On the other hand, it might nice to have software for transferring content in the other direction: an easy way to convert wiki-diffs into discussion posts.

Comment author: RichardKennaway 25 May 2011 03:13:35PM *  12 points [-]

I agree with wedrifid in saying:

The material on the wiki (I assumed) was to be summarised from prominent and uncontroversial blog posts that are already referenced to from time to time.

That is, the workflow should not be "idea for wiki page --> write post --> discussion --> write wiki page", but, independently of each other, both "idea for posting --> write post" and "notice something generally accepted on LW without a wiki page --> write wiki page".

Comment author: Vladimir_Nesov 25 May 2011 10:14:17PM 4 points [-]

Having to first write content as a post, wait for discussion to resolve, then transfer it to the wiki is a fairly major inconvenience if improving the wiki was the original goal, so we should not require people to do that.

This depends on what "improving the wiki" means. If the wiki is treated as a summary of the blog content and community canon (as it was intended, and as it is actually currently shaped), then adding content that is not on the blog doesn't serve this purpose, and doesn't constitute an improvement. Also, any good content should be posted to LW anyway.

Comment author: rhollerith_dot_com 25 May 2011 07:40:40PM *  1 point [-]

The wiki is content-poor enough that we ought to remove all trivial inconveniences in the way of producing content for it.

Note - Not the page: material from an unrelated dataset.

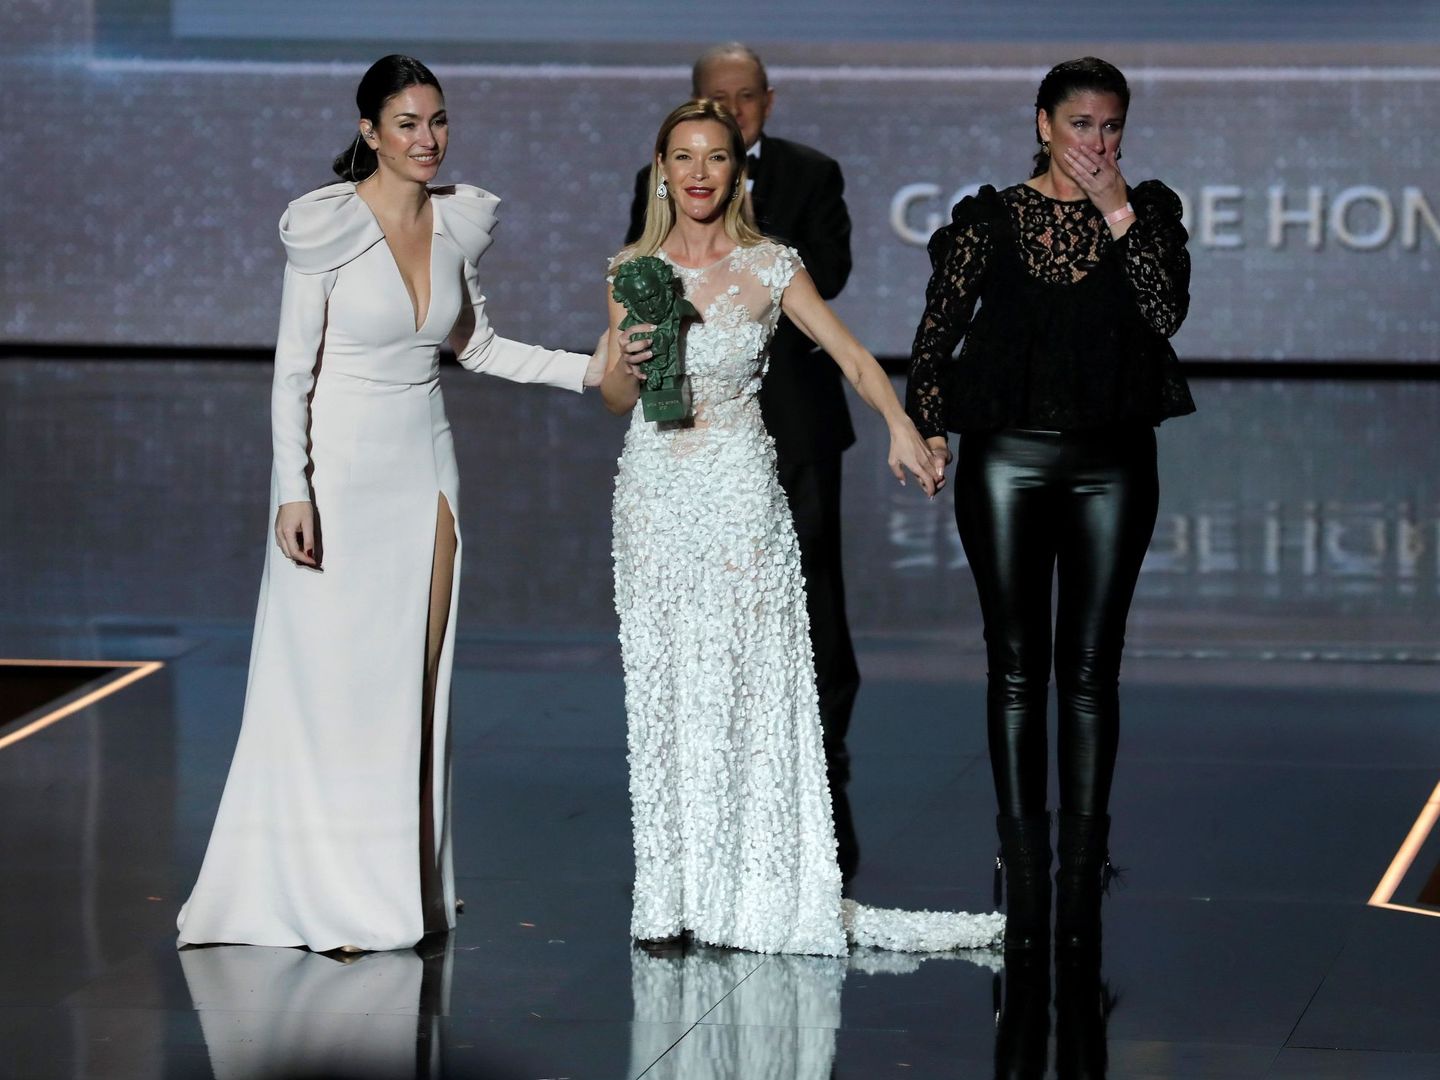 Las hijas de Pepa Flores 'Marisol', Celia Flores, María Esteve y Tamara Gades, reciben el 'Goya de honor' en nombre de su madre. (EFE)

Since the reason Eliezer imposed or proposed the inconvenience is to improve article quality, do you maintain that the wiki is content-poor enough that we ought to not worry about the quality of contributions to the wiki?

Comment author: badger 25 May 2011 09:30:20PM 0 points [-]

I'd say yes, to some degree. Good content is more likely to come from someone editing poor content than be created from scratch.